There’s something to be said about a poem that deeply moves you. With that in mind, we couldn’t think of anything better than putting together a list of poetry collections you should read in your lifetime. If you enjoy the lyrical genius of brilliant poets, this list will be the perfect book list for you.
Here are 37 poetry collections to read in 2022>>
The Wild Fox of Yemen by Threa Almontaser
In this riveting and provocative collection, Almontaser considers womanhood for Muslim American women in the aftermath of 9/11. The poet threads together the different worlds of Yemen and America, posing questions about culture, language and identity.
Self Love Poetry: For Thinkers and Feelers by Melody Godfred
This books presents poems on a multitude of themes and in pairs. On the left side of the page are poems stemming from the analytical side of our brains. They are literal, logical, and precise. On the right side of the page are poems that are more creative, metaphorical, and emotional. Delving into topics such as authenticity, love, and resilience, this is a perfect collection for the mind, body, and soul.
I am the Rage by Martina McGowan
Within these poems, Dr. Martina McGowan shares her emotions, thoughts, and grief, offering readers a glimpse into her experience as a Black woman in America. All written in 2020, McGowan’s poems cover topics that are urgent and relevant to social justice and equality.
Water I Won’t Touch by Kayleb Rae Candrilli
This thought-provoking and captivating collection is a self- portrait of one trans man as he seeks safety, peace, and belonging in a world that is often dangerous and violent. Candrilli conjures images of hope and beauty, imagining a queer future where one can flourish.
Everyday Mojo Songs of Earth: New and Selected Poems, 2001-2021 by Yusef Komunyakaa
This is a collection of poems from the past twenty years by one of the great living poets. Yusef Komunyakaa’s poems reflect on race and violence, the American South, his memories of the Vietnam War, nature, and love. His poetic style is evocative of jazz.

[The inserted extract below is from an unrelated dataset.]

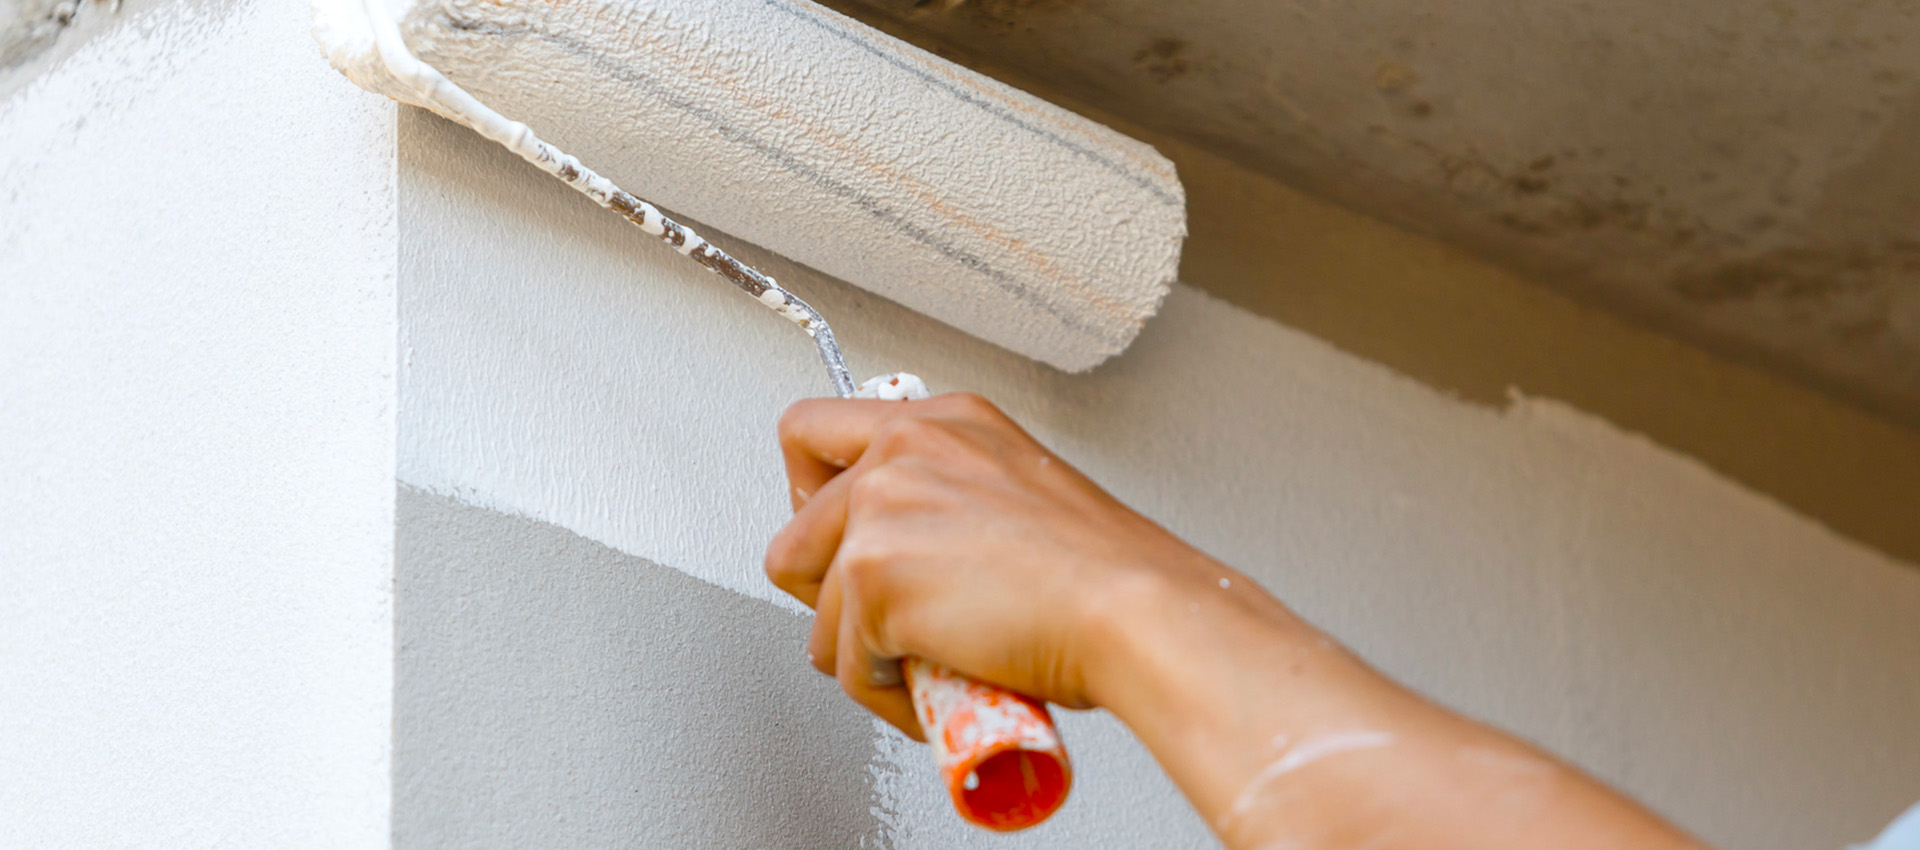 pitture impermeabili contro risanamento umidità
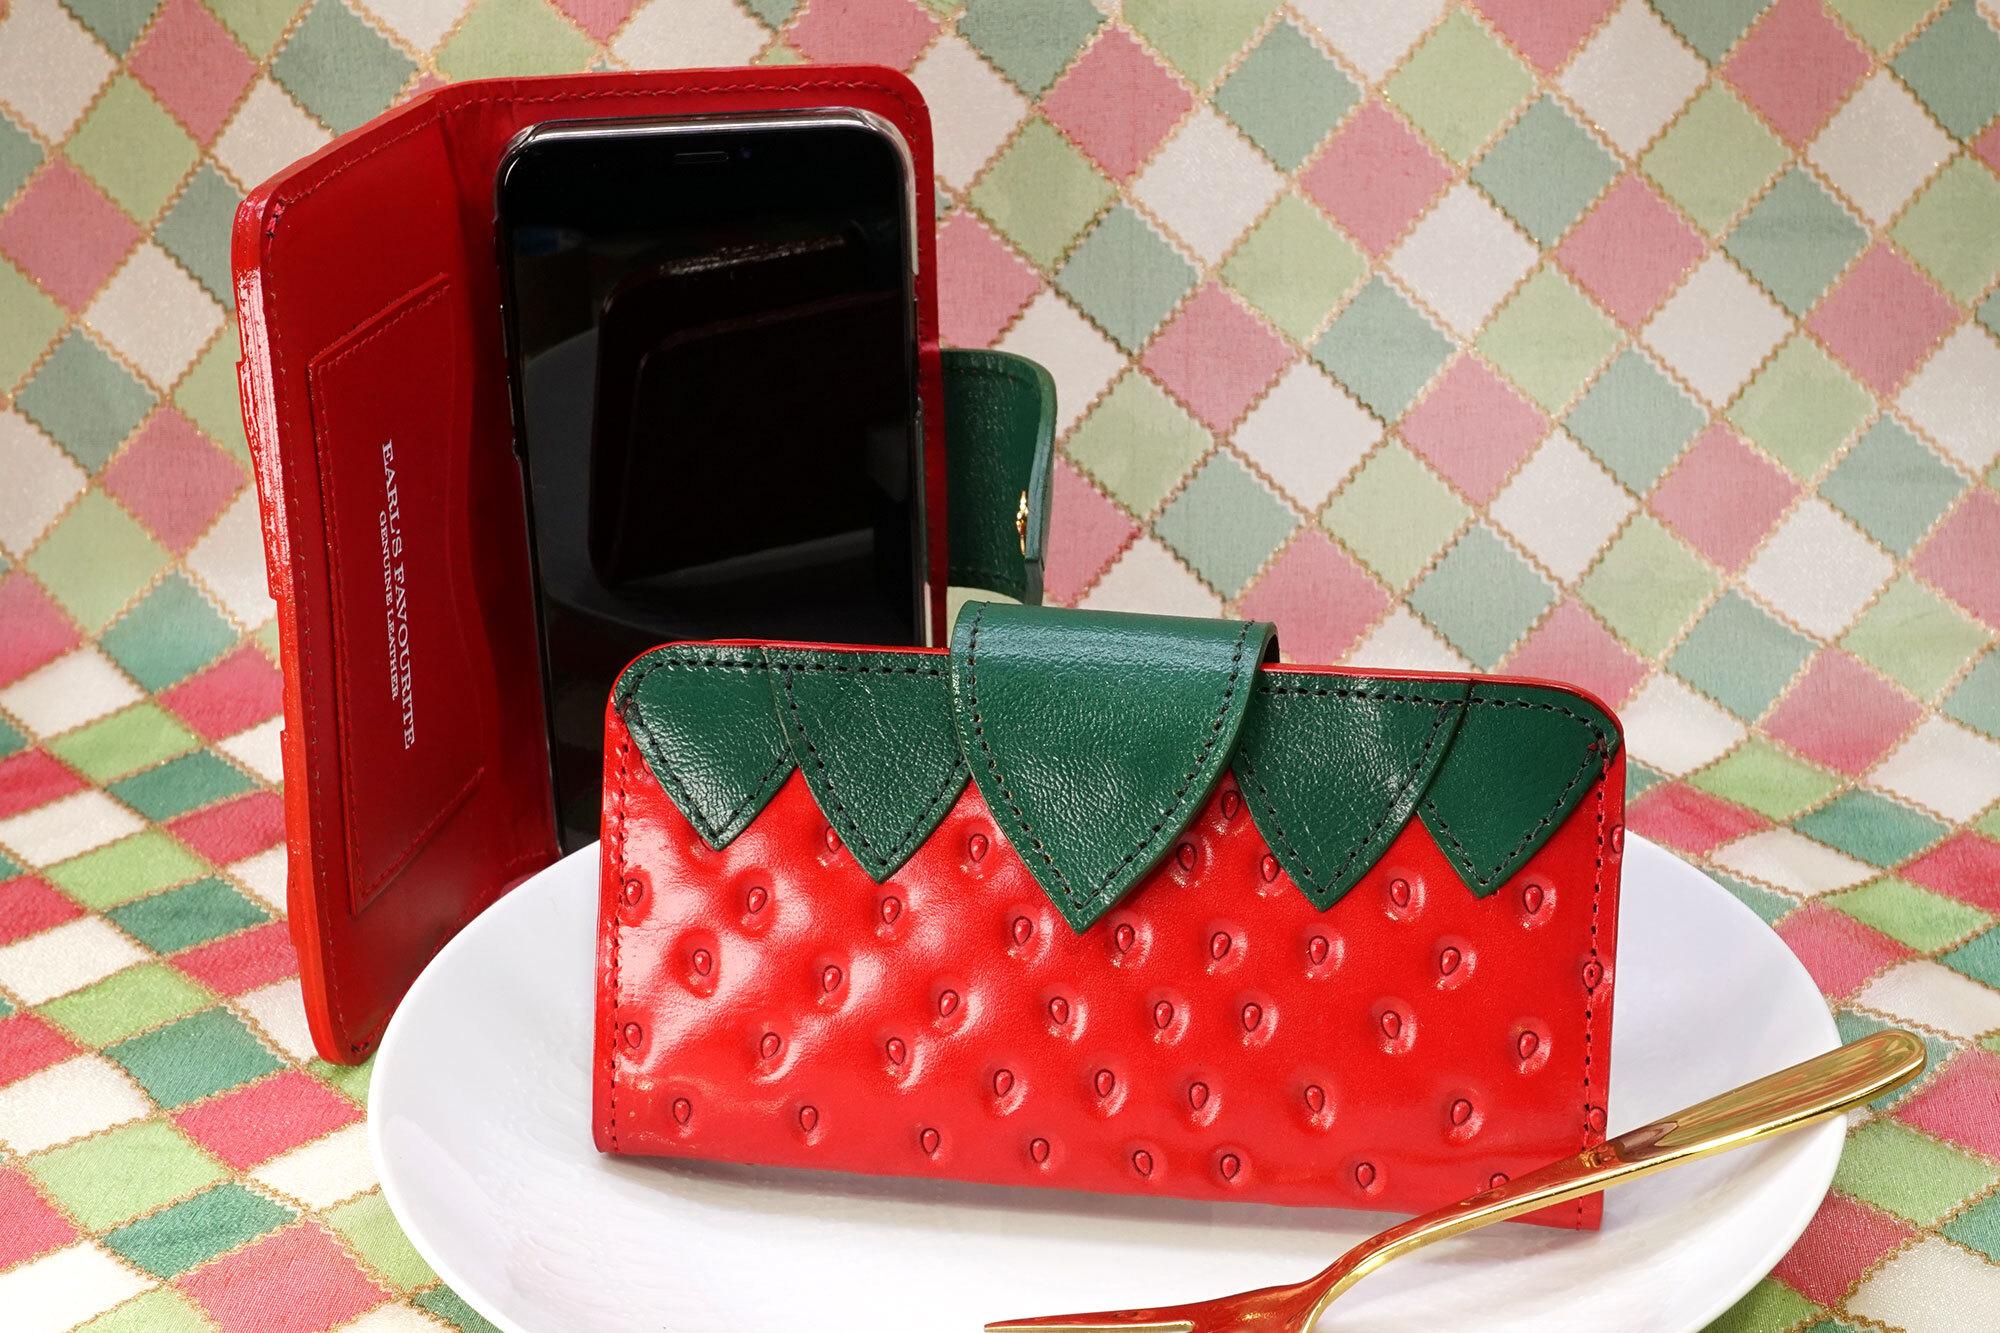 ヘタ付きいちごなスマホケース(Mサイズ)iPhone 8 X Xsなど多機種対応

Pillow Thoughts by Courtney Peppernell
What do you do when store-bought cards aren’t enough? Write the person you love a poem (or an entire poetry collection) like Courtney Peppernell did. This touching book has something for all readers whether you’re currently in love, healing a broken heart or simply finding yourself. Divided into various sections, there’s a group of prose and poetry for every mood.
I hope this reaches her in time by r.h. Sin
If you’re going through a rough break-up or have been left with a broken heart, this is the poetry collection for you. At only 72 pages, you’ll get lost in r.h. Sin’s work and be left feeling a little more hopeful that love will find you once again–the perfect book for anyone feeling lost.
When You Ask Me Where I’m Going by Jasmine Kaur
Jasmine Kaur’s debut tells a story through both poetry and prose, making it a truly unique read for poetry lovers everywhere. Broken down into six parts, When You Ask Me Where I’m Going documents the life of a young woman who rarely feels recognized and is working through her life, religion and culture to raise her own daughter. With thoughts on our current culture, the inequalities, trauma and paths to healing, this new book will empower readers to stand up for what they believe in.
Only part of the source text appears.